* _WHAT IS REQUIRED_:
Every record should be copied exactly, except that pictures are to be omitted.

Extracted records

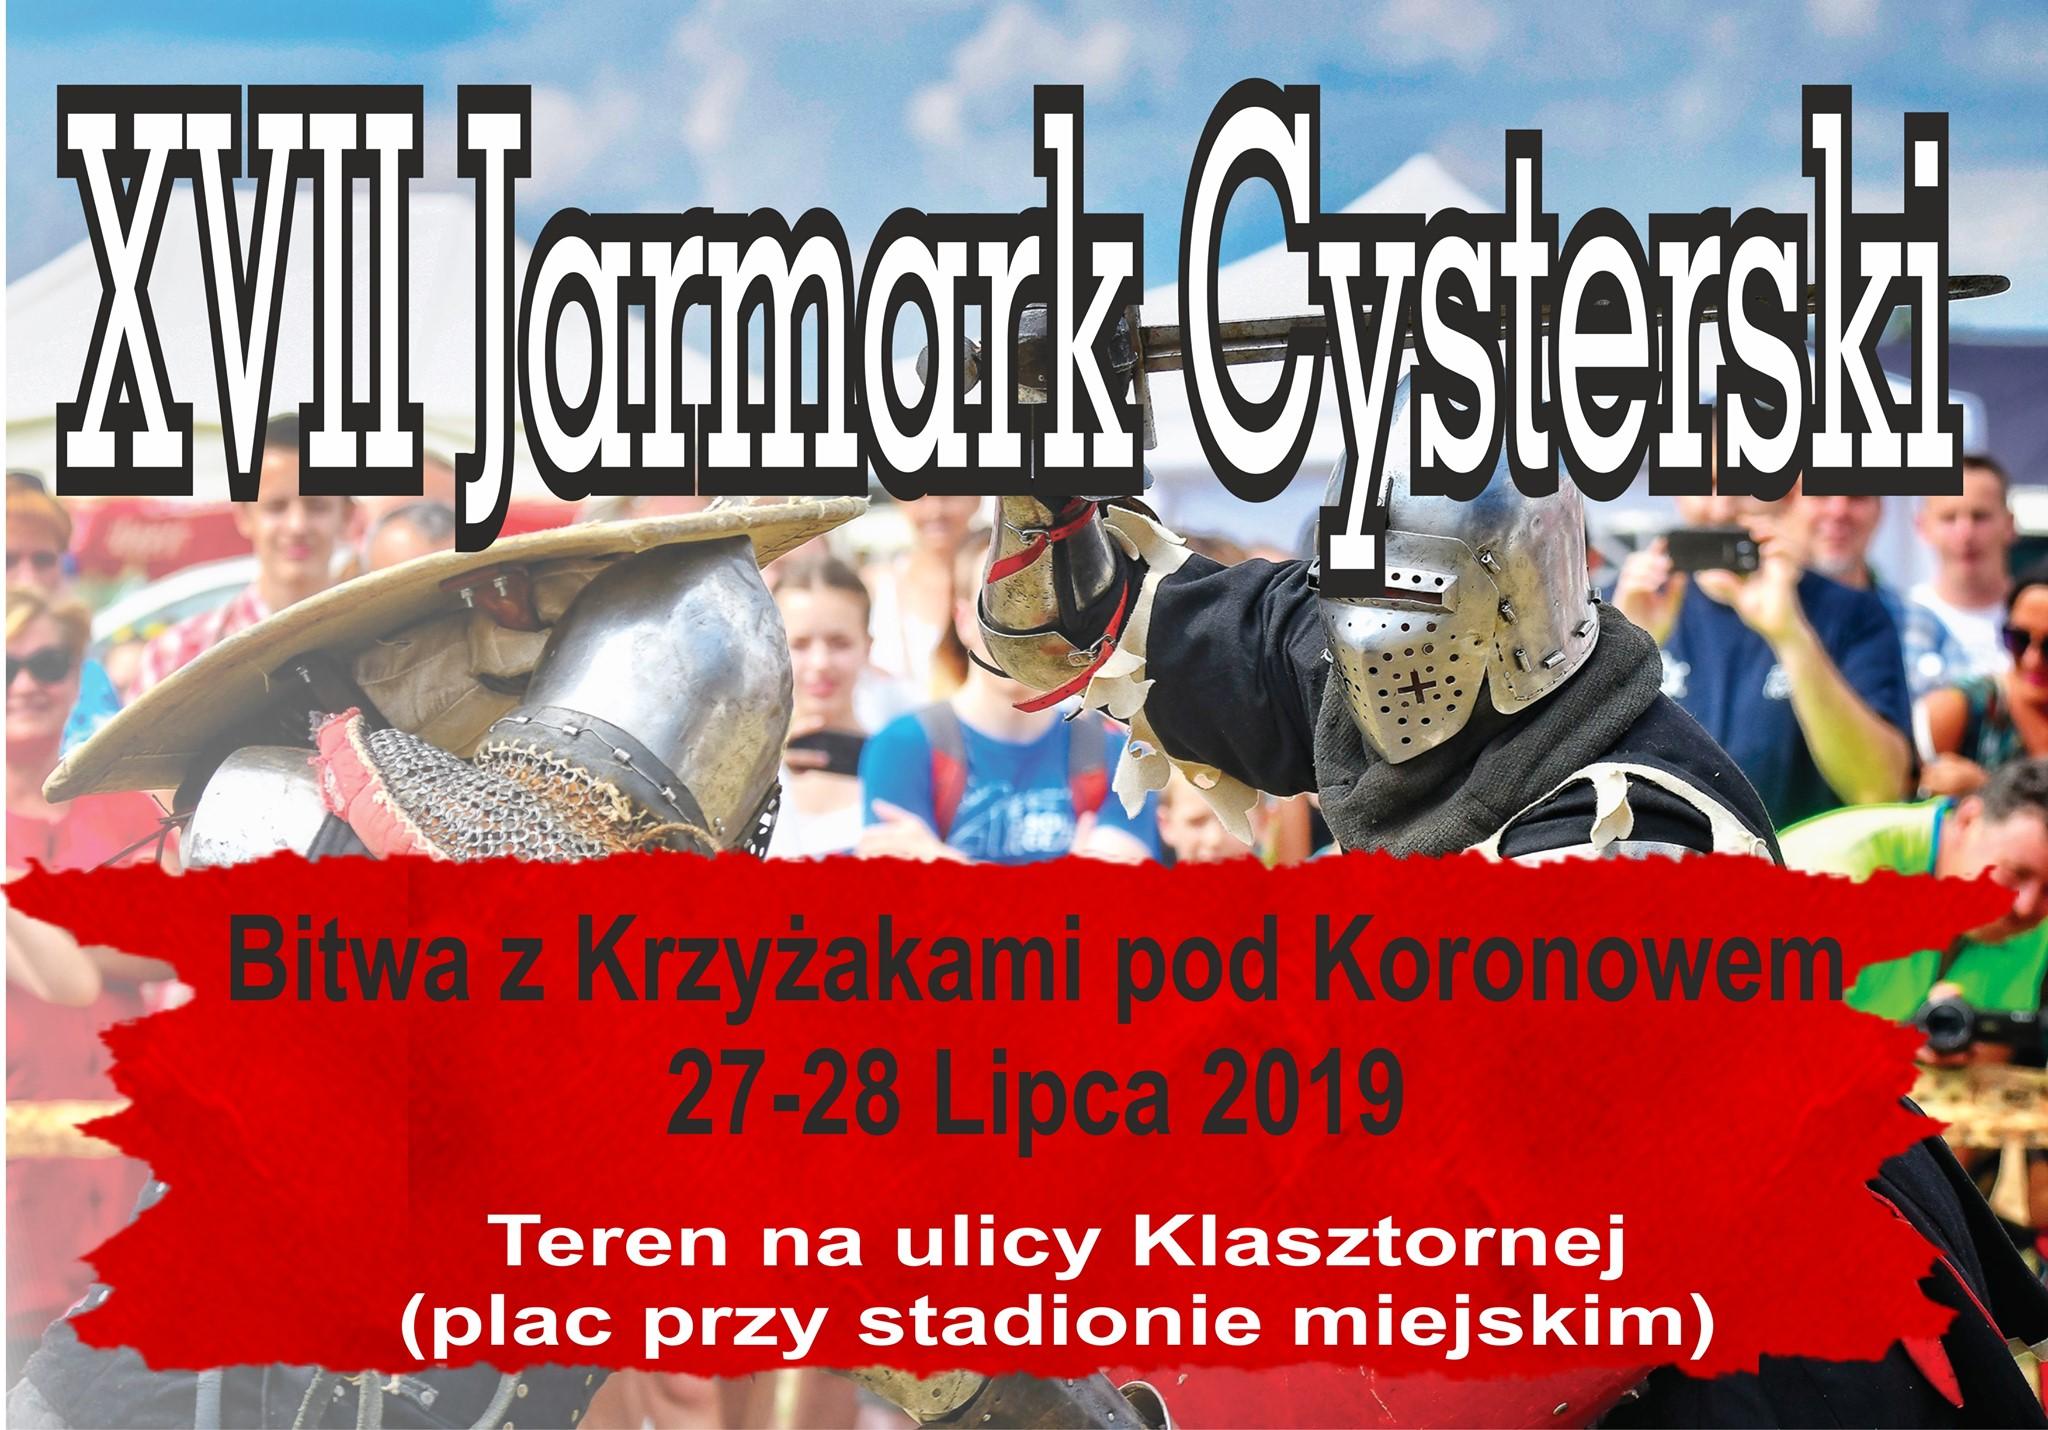 Już 27-28 Lipca odbędzie się XVII Jarmark Cysterski i inscenizacja Bitwy pod Koronowem z Krzyżakami
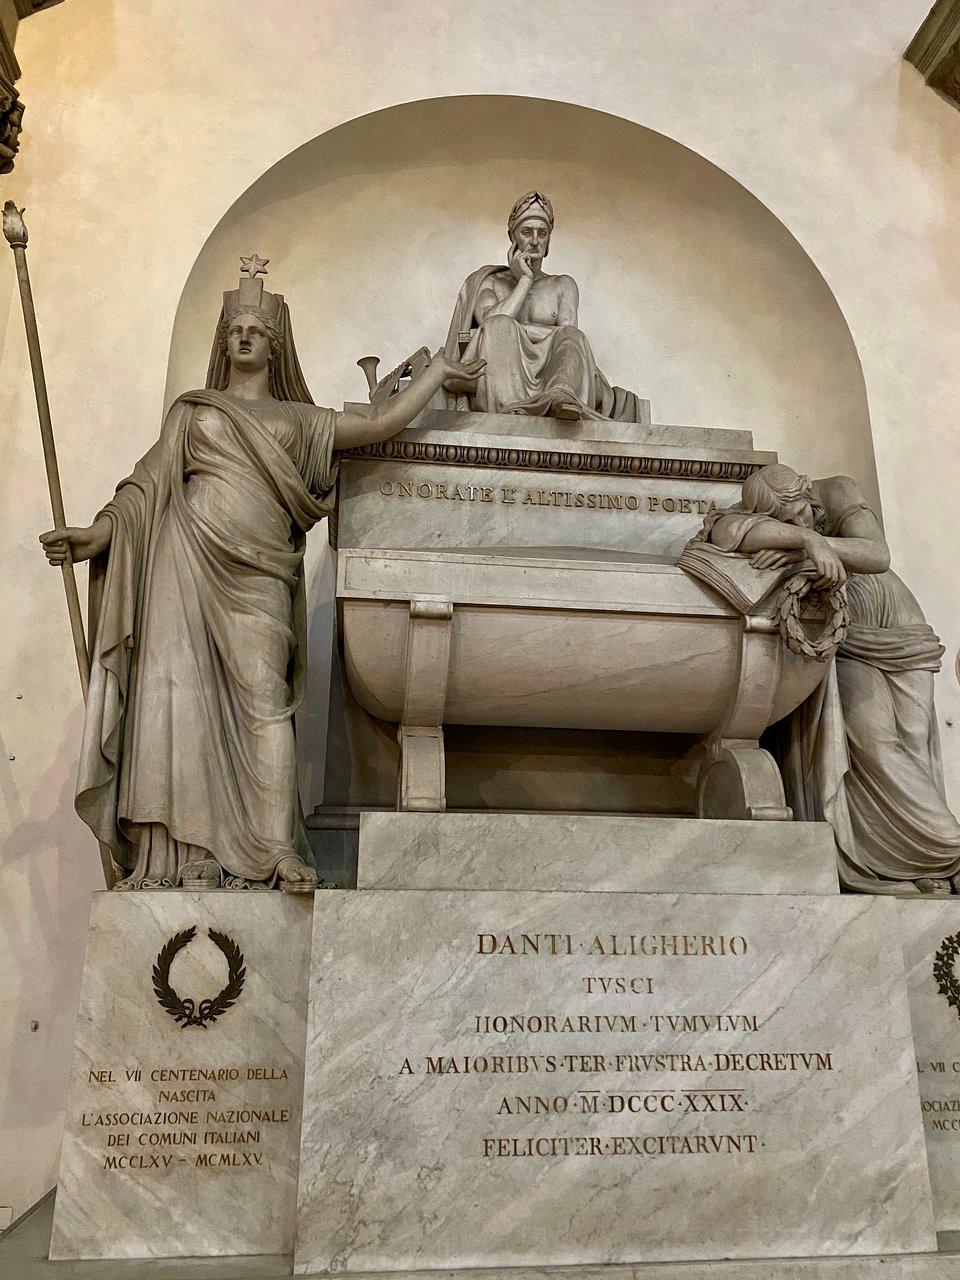 Dante's memorial in Santa Croce
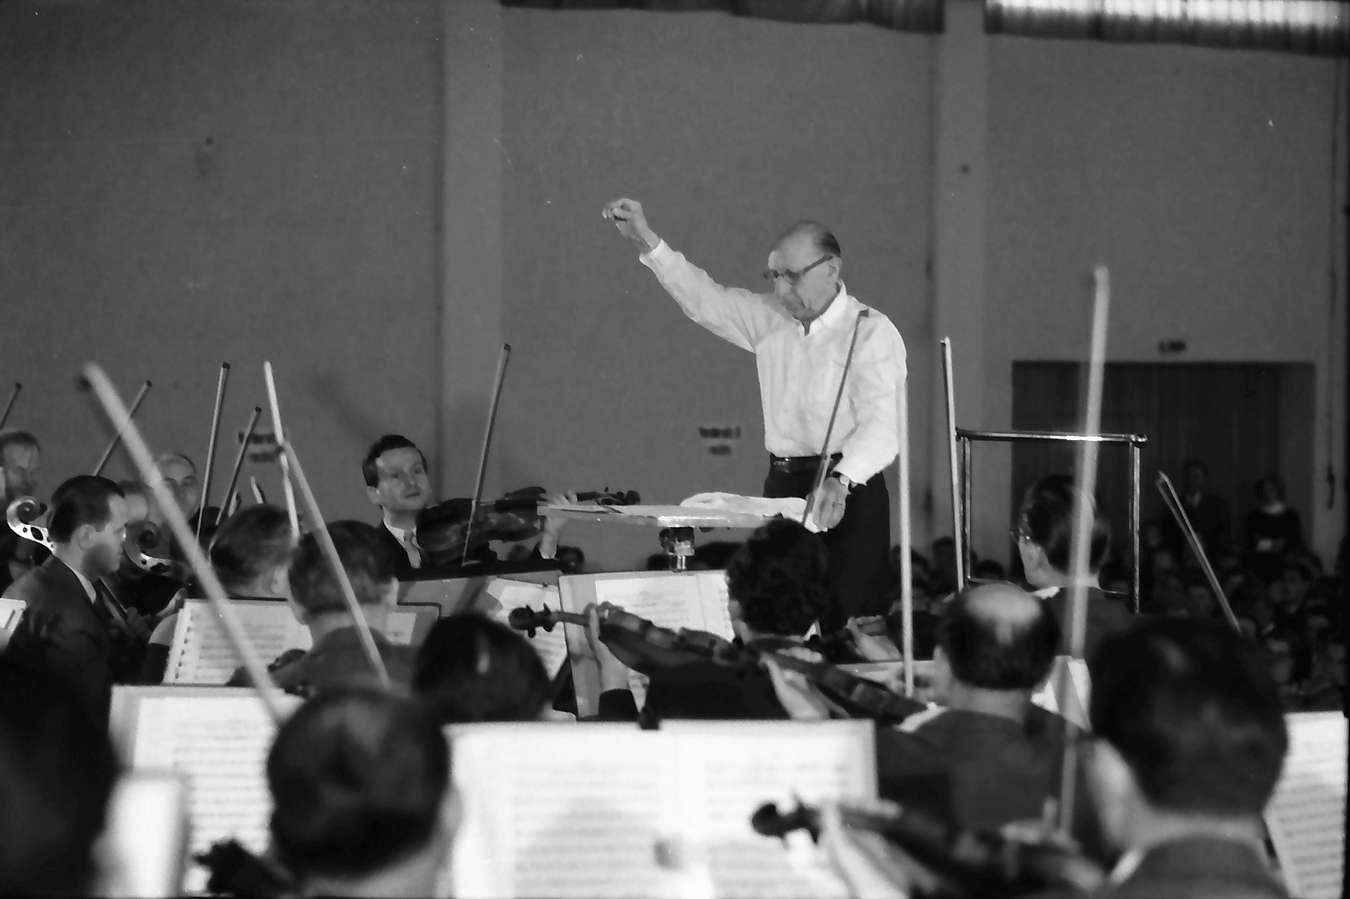 Donaueschingen: Donaueschinger Musiktage; Stadthalle; Igor Strawinsky dirigiert Südwestfunkorchester; bei der Probe, Bild 1
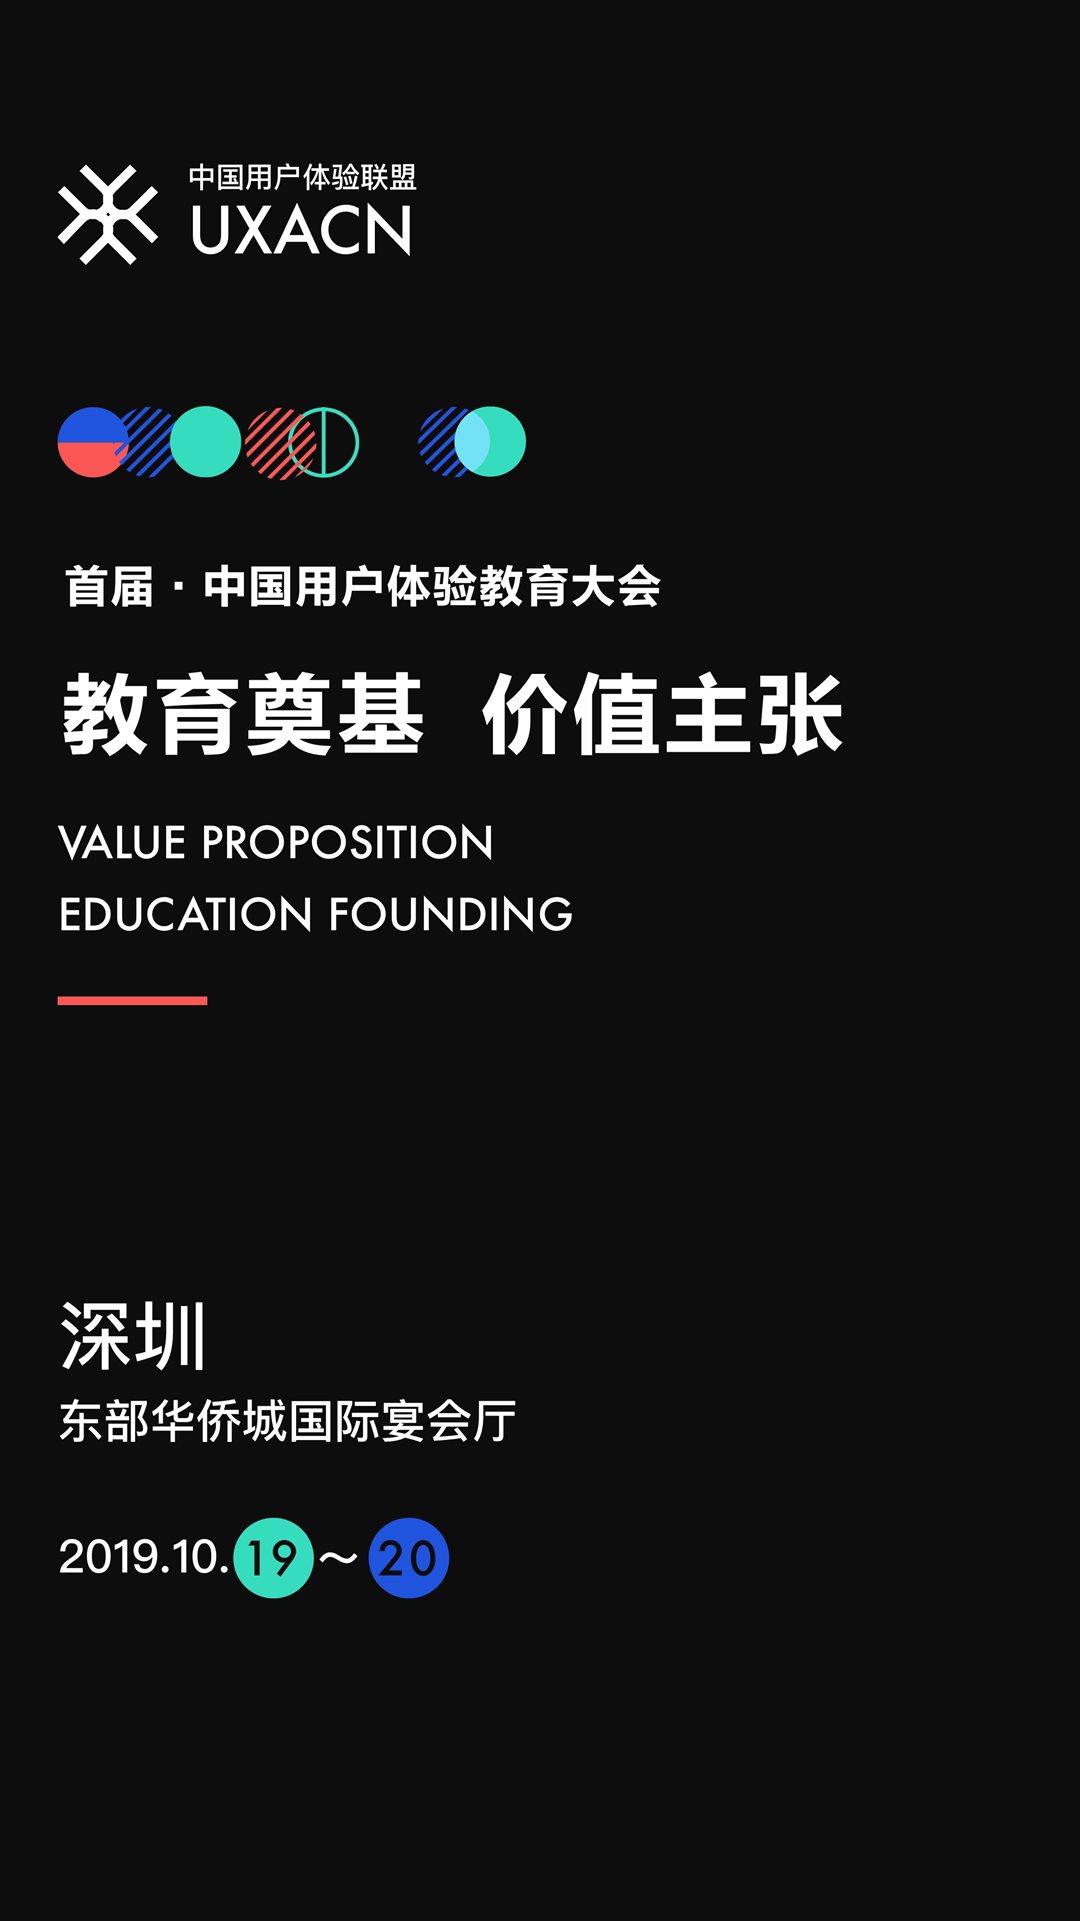 http://www.szminfu.com/tiyuhuodong/24357.html
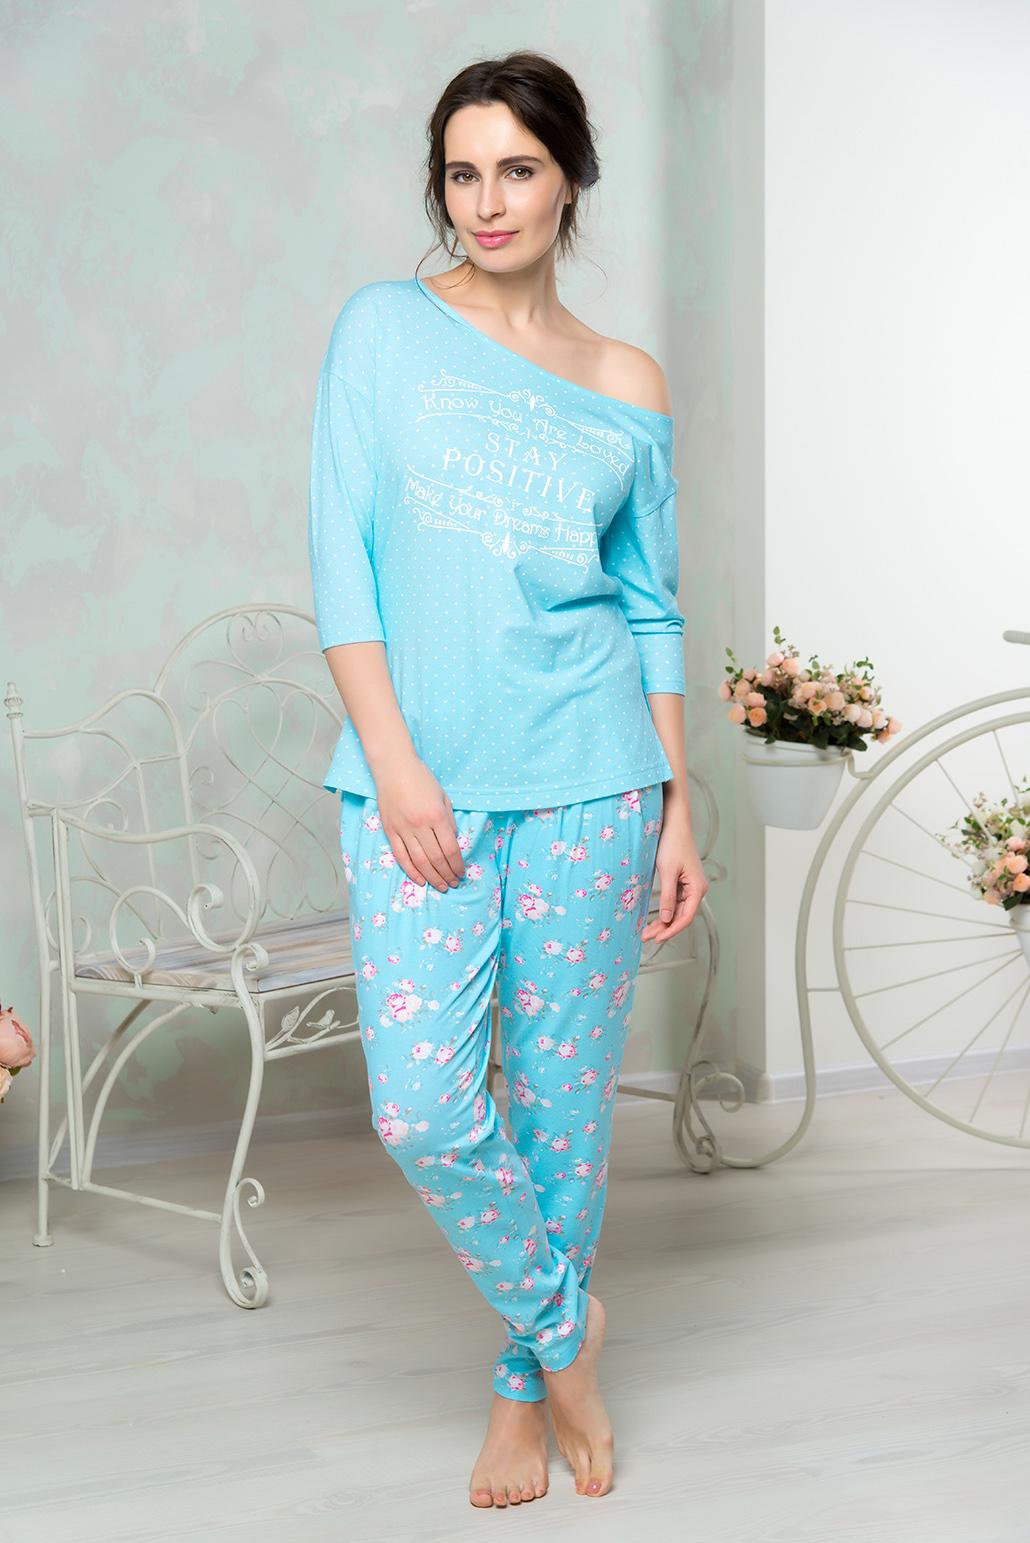 Комплект домашний женский Mia Cara: футболка, брюки, цвет: голубой. AW16-MCUZ-852. Размер 54/56AW16-MCUZ-852Комплект домашний одежды Mia Cara состоит из футболки с рукавами 3/4 и брюк. Модель выполнена из высококачественного хлопка с добавлением эластана. Футболка свободного кроя. Брюки слегка заужены к низу.

* _EXERCISE SOLUTION_:
 Już 27-28 Lipca odbędzie się XVII Jarmark Cysterski i inscenizacja Bitwy pod Koronowem z Krzyżakami
 Dante's memorial in Santa Croce
 Donaueschingen: Donaueschinger Musiktage; Stadthalle; Igor Strawinsky dirigiert Südwestfunkorchester; bei der Probe, Bild 1
 http://www.szminfu.com/tiyuhuodong/24357.html
 Комплект домашний женский Mia Cara: футболка, брюки, цвет: голубой. AW16-MCUZ-852. Размер 54/56AW16-MCUZ-852Комплект домашний одежды Mia Cara состоит из футболки с рукавами 3/4 и брюк. Модель выполнена из высококачественного хлопка с добавлением эластана. Футболка свободного кроя. Брюки слегка заужены к низу.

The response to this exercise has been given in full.